In my openCl code when ever I am reading something from global memory I am getting stall rate of around 30%. I am using float16 to read 16 continuous memory location. Can anyone suggest me way to re...
Is this the same code as the one in your other thread? The read access is 512-bit wide which means it can efficiently saturate the bandwidth of one memory bank. However, the write is narrow and unless you have multiple consecutive writes that are coalesced into one wider access, write performance is going to be poor. You should check the HTML report to see how the memory ports are instantiated by the compiler. Since, by default, the compiler interleaves buffers if your board has two memory banks, your reads and writes can actually conflict. But if you disable memory interleaving as mentioned in the Programming Guide and put the input and output buffers on separate memory banks, then the accesses will not conflict with each other.

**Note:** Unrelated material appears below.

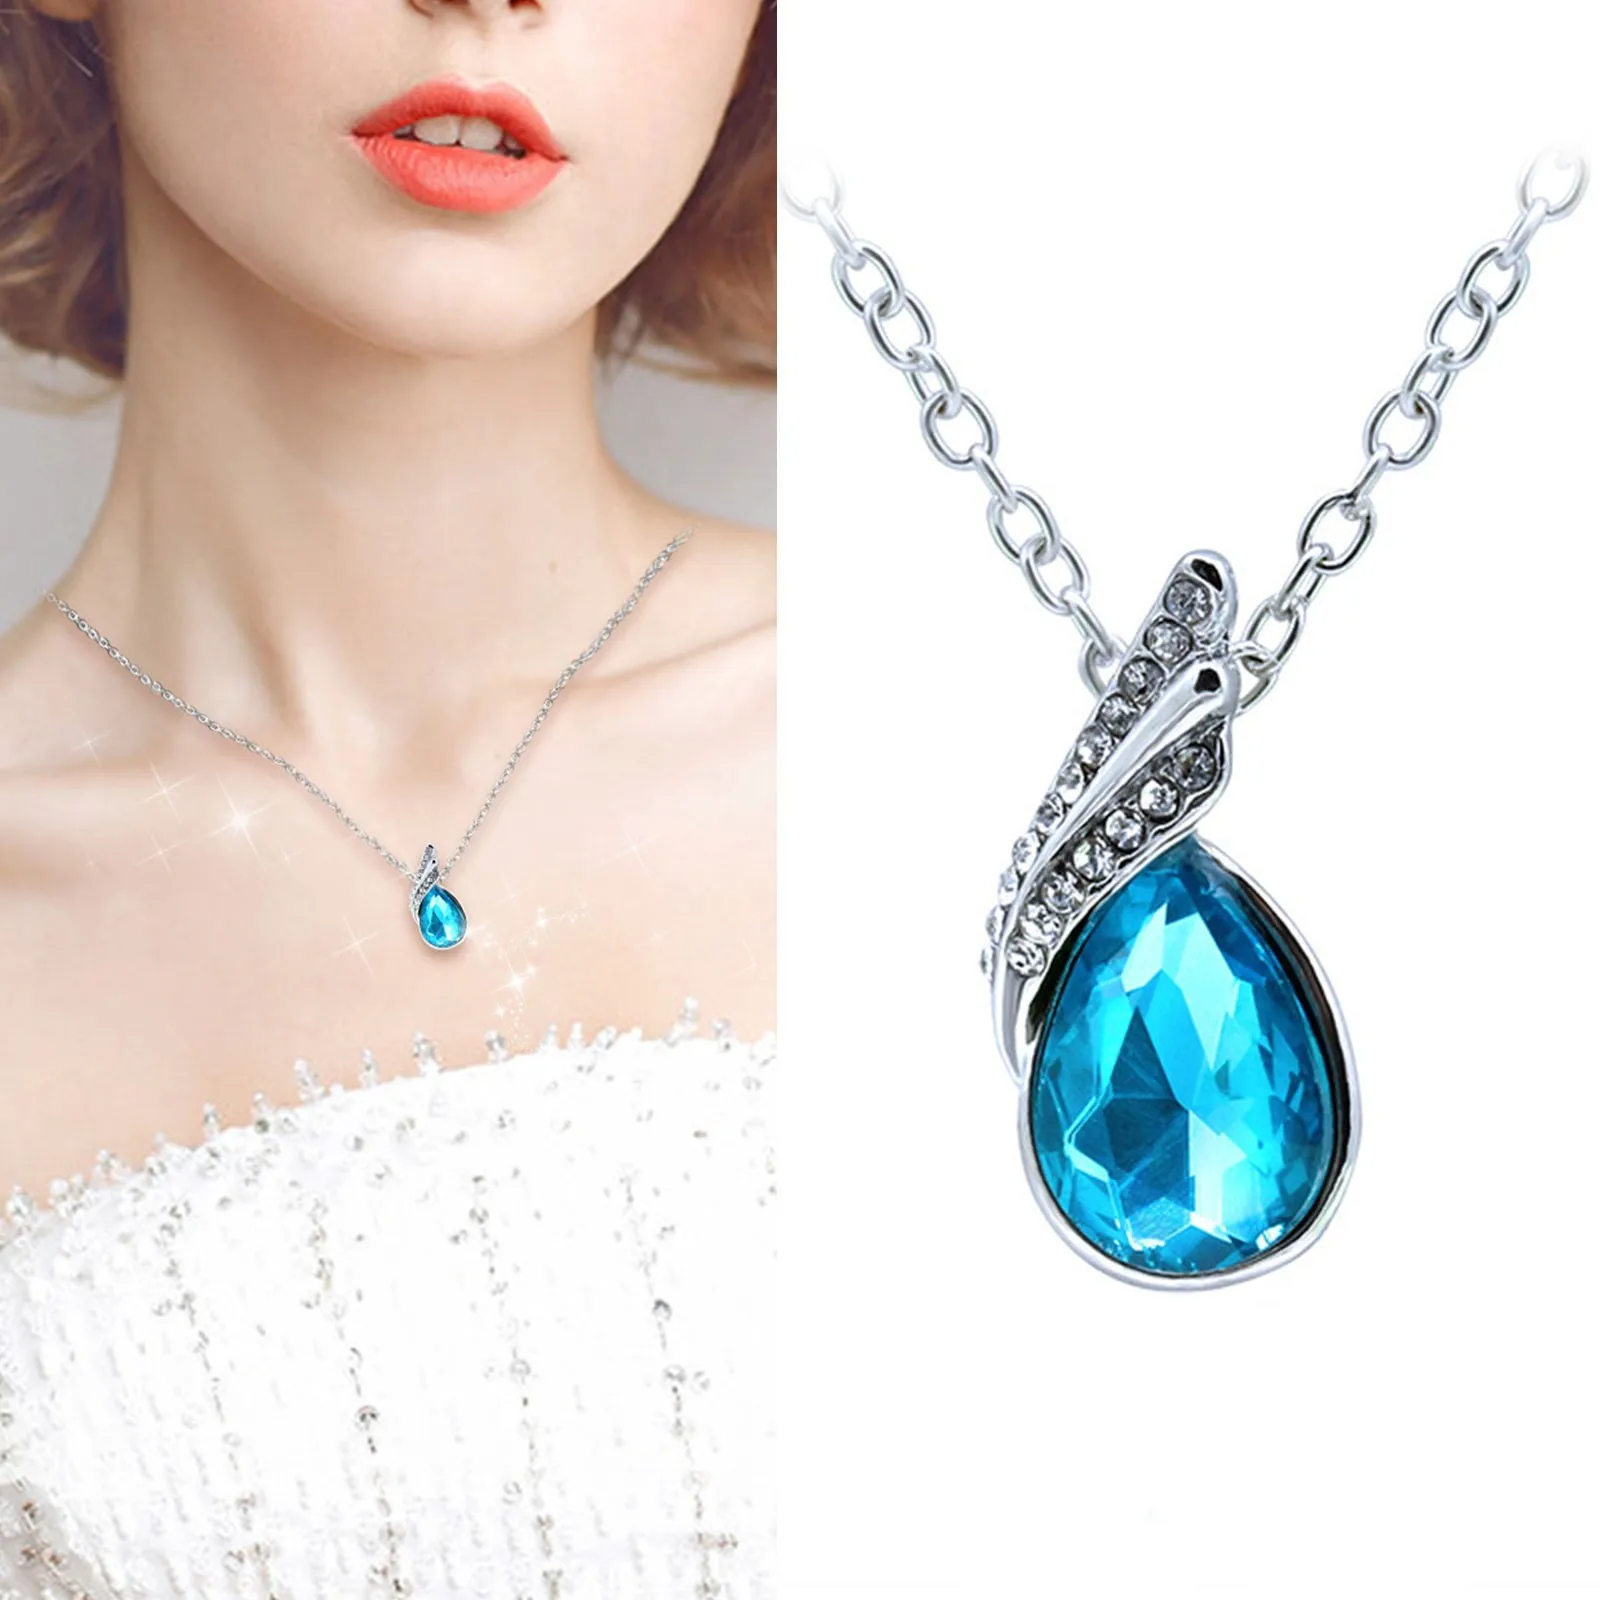 Crystal Necklace Diamond Leaf Clavicle Chain Accessory Pendant Alt Necklace Set Fake Necklace for Women Fake Chain Necklace

Yes that is the same code as in my other thread. If I check my board specification, I have only one DDR4 memory bank. I can see in the report generated that multiple ports are generated for the storing the data, as you can see in the attached photo. I thought that even having one memory bank there will be separate read and right ports that means there should not be any memory contention is that not correct.
I am although writing to consecutive write port they are not coalesced , is it correct to say?. If yes then having one like write float8 or float16 and one read of float16 could be the best case given I have one memory bank ?